Thanks for verifying this, at least i know the problem isn't with
interrupt routing in your specific case.
Zwane
--
function.linuxpower.ca
On Tue, 10 Jun 2003, Stephan von Krawczynski wrote:
> occured before the test. This setup fails during verify (data corruption).
Can you reproduce this with disks only?
Zwane
--
function.linuxpower.ca
On Tue, 10 Jun 2003 14:15:58 -0400 (EDT)
Zwane Mwaikambo <[email protected]> wrote:
> On Tue, 10 Jun 2003, Stephan von Krawczynski wrote:
>
> > The controller used is the second aic7xxx. The 31 interrupts on CPU0 have
> > occured before the test. This setup fails during verify (data corruption).
> >
> > I would say that the interrupt code of the aic in itself is therefore ok
> > with SMP. If it were a SMP race condition inside the interrupt routine this
> > test should have been ok (as only one CPU is used).
>
> Thanks for verifying this, at least i know the problem isn't with
> interrupt routing in your specific case.
>
> Zwane
I guess your comment is a bit ahead of my tests. I just completed the test with
rc7+aic20030603 SMP, apic and maxcpus=1. It fails.
This means that although there is only one CPU used through the whole kernel
the data corruption occurs.
I would therefore conclude that the corruption is only possible if in fact the
standard code path is flaky in terms of data completeness per request.
Something like a broken synchronous action, a read request coming back
completed although it is in fact still running or the like.

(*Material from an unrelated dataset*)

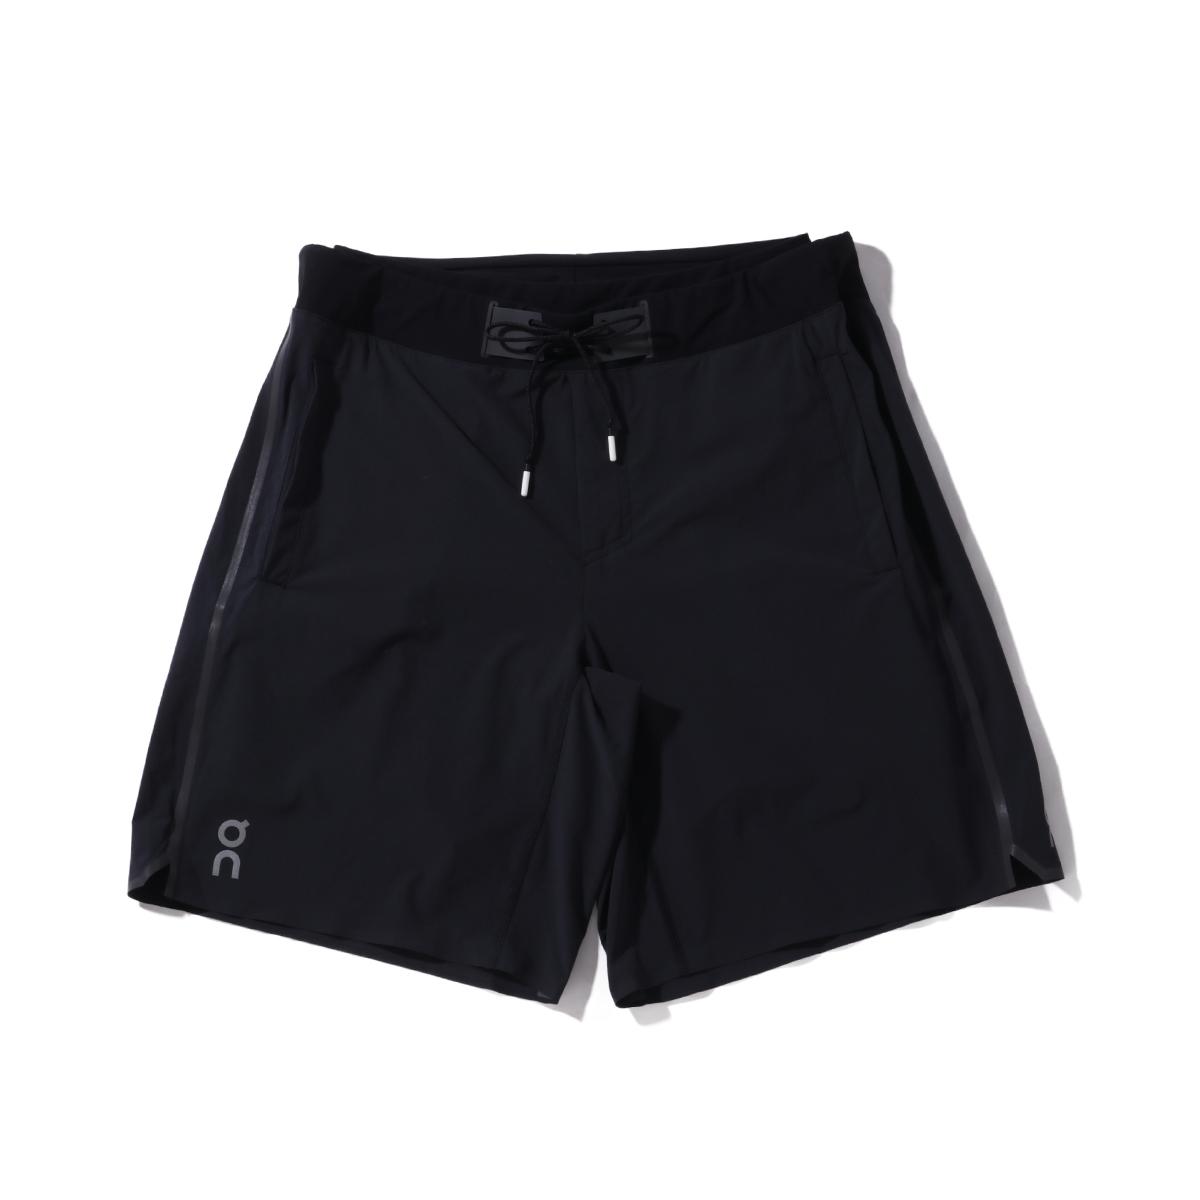 On Hybrid Shorts(Black)(オン ハイブリッド ショーツ)【メンズ】【ハーフパンツ】【19FW-I】

May also be a misinterpretation of a kind of an "action completed" interrupt.
Or something like one interrupt for multiple running actions with a mixup of
the various causes.
To make sure it is not a problem in the SMP code path through the driver I have
to check a UP kernel with apic support enabled. I will do this tommorrow.
If this is ok then things are simple, because its nailed down to the SMP code
path without a concurrency cause.
Lets see ...
Regards,
Stephan
On Tue, 10 Jun 2003 12:07:00 -0600
"Justin T. Gibbs" <[email protected]> wrote:
> >> I never said that it wasn't serios, I just haven't seen any indication
> >> that this problem is caused by my driver. There is a big difference.
> >> If your complaint is that I typically help people to solve their problems
> >> *off-list*, then I'm sorry if that offends your sensibilities.
> >
> > It does not offend my sensibilities, it is simply damaging the available
> > information about typical problems and their solving. If you don't do it
> > open, there is no way for others to follow your thoughts and debugging and
> > therefore you are confronted hundred times with the same questions. People
> > have no choice but asking you, because your debugging cases are hidden.
>
> 99% of the problems have to do with broken interrupt routing. There is
> plenty of information about this issue on the mailing lists, but people
> still ask me.
You should state an exact definition of "broken interrupt routing" in this
case. The only thing I would call a broken interrupt routing is if an interrupt
does not show up at all. Everything else is in my eyes a broken interrupt
handling in the driver (generally spoken). A driver has (in my programming
world) to cope with:
- interrupts showing up immediately during the currently running interrupt
handling (immediate recausing)
- multiple interrupt causes per one shot (software or interrupt controller were
to lazy for producing single interrupts per cause)
- lost interrupts (may cause error condition of course but at least a message
in some log)
- continous interrupts (handler has to know when he is too long inside
interrupt and give the rest of the system a chance to survive)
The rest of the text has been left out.